16

I have some .rda files that I need to access with Python. My code looks like this:

import rpy2.robjects as robjects
from rpy2.robjects import r, pandas2ri

pandas2ri.activate()
df = robjects.r.load("datafile.rda")
df2 = pandas2ri.ri2py_dataframe(df)

where df2 is a pandas dataframe. However, it only contains the header of the .rda file! I have searched back and forth. None of the solutions proposed seem to be working.

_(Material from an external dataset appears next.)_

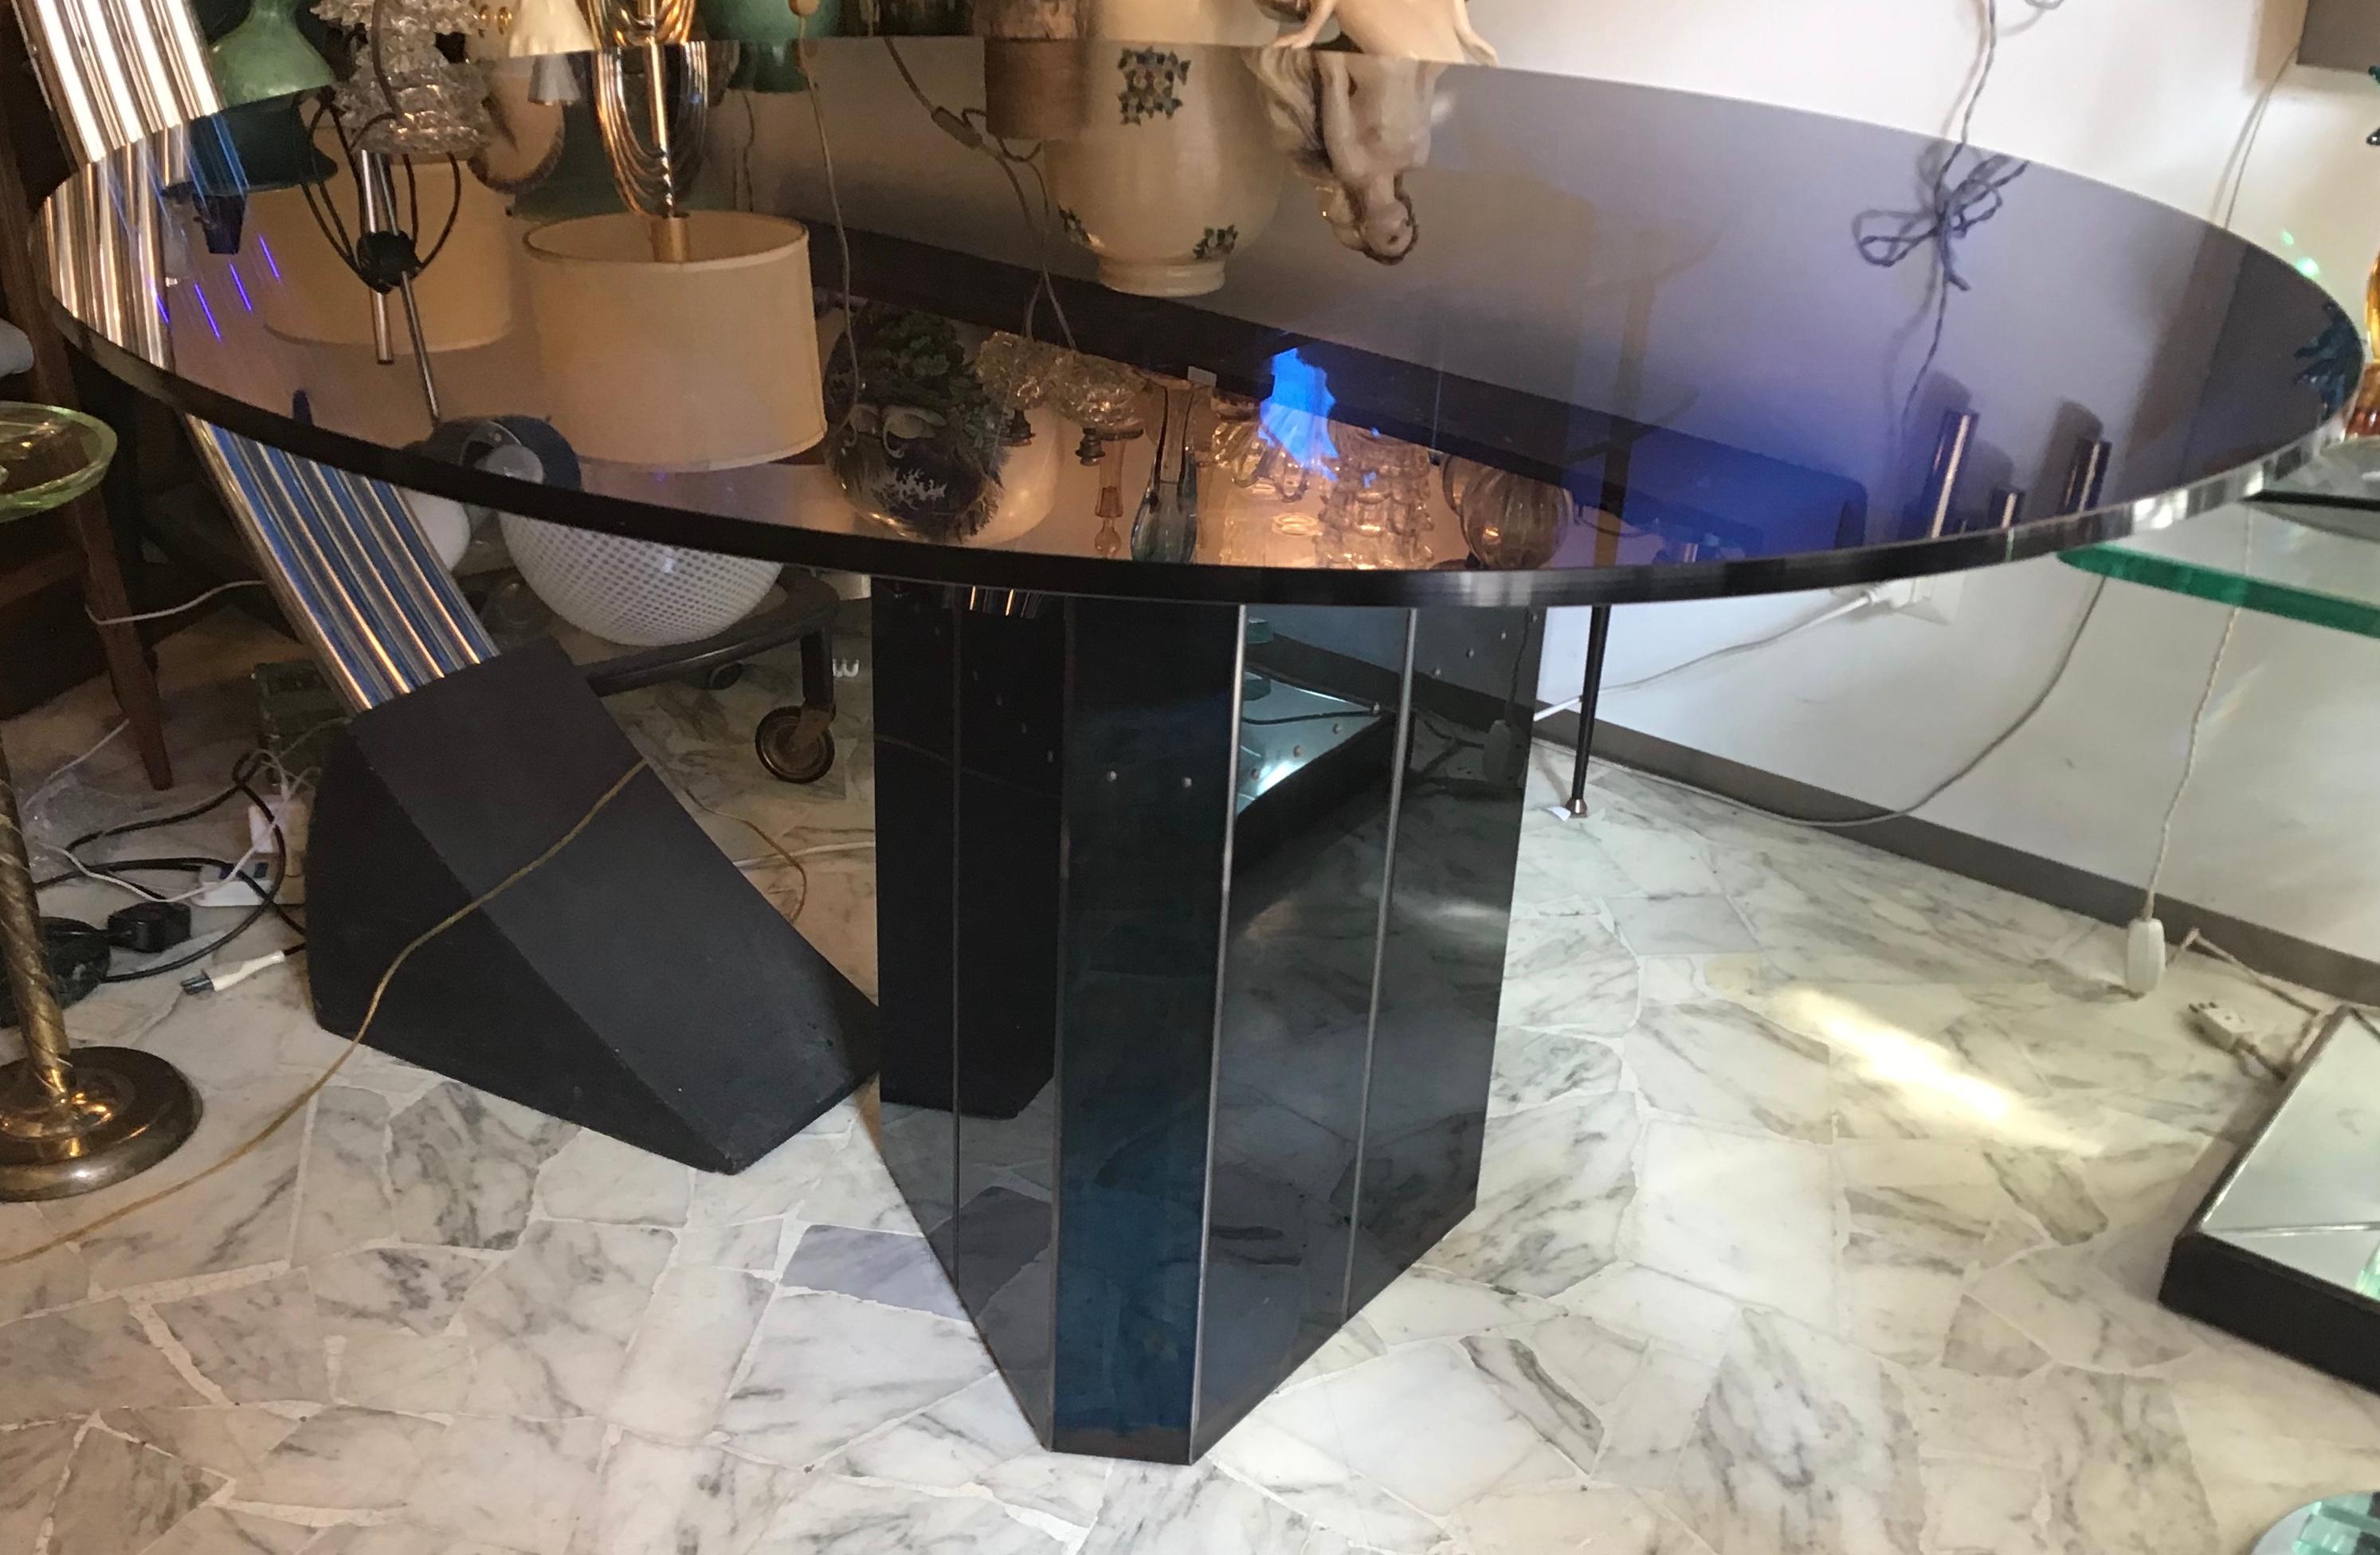 Afra e Tobia Scarpa “Polygono” table metal glass by B&B, 1980, Italy.

Does anyone have an idea how to efficiently convert an .rda dataframe to a pandas dataframe?

Parfait
  • 104,375
  • 17
  • 94
  • 125
Matina G
  • 1,452
  • 2
  • 14
  • 28
  • 1
    Try saving from R an .rds ([single object](https://stackoverflow.com/a/21370351/1422451)) file. – Parfait Dec 15 '17 at 16:22
  • Thank you for this proposal. However, I have no control over le generation of the .rda files, and converting them to .rds before loading them with python will be extremely inefficient. Any other suggestions? – Matina G Dec 18 '17 at 13:57
  • Actually not really, simply load the .rda files in an R environment and run the `eapply` or `mget` to save every global environ object into individual rds files. – Parfait Dec 18 '17 at 15:06

3 Answers3

13

Thank you for your useful question. I tried the two ways proposed above to handle my problem. For feather, I faced this issue:

pyarrow.lib.ArrowInvalid: Not a Feather V1 or Arrow IPC file

For rpy2, as mentioned by @Orange: "pandas2ri.ri2py_dataframe does not seem to exist any longer in rpy2 version 3.0.3" or later.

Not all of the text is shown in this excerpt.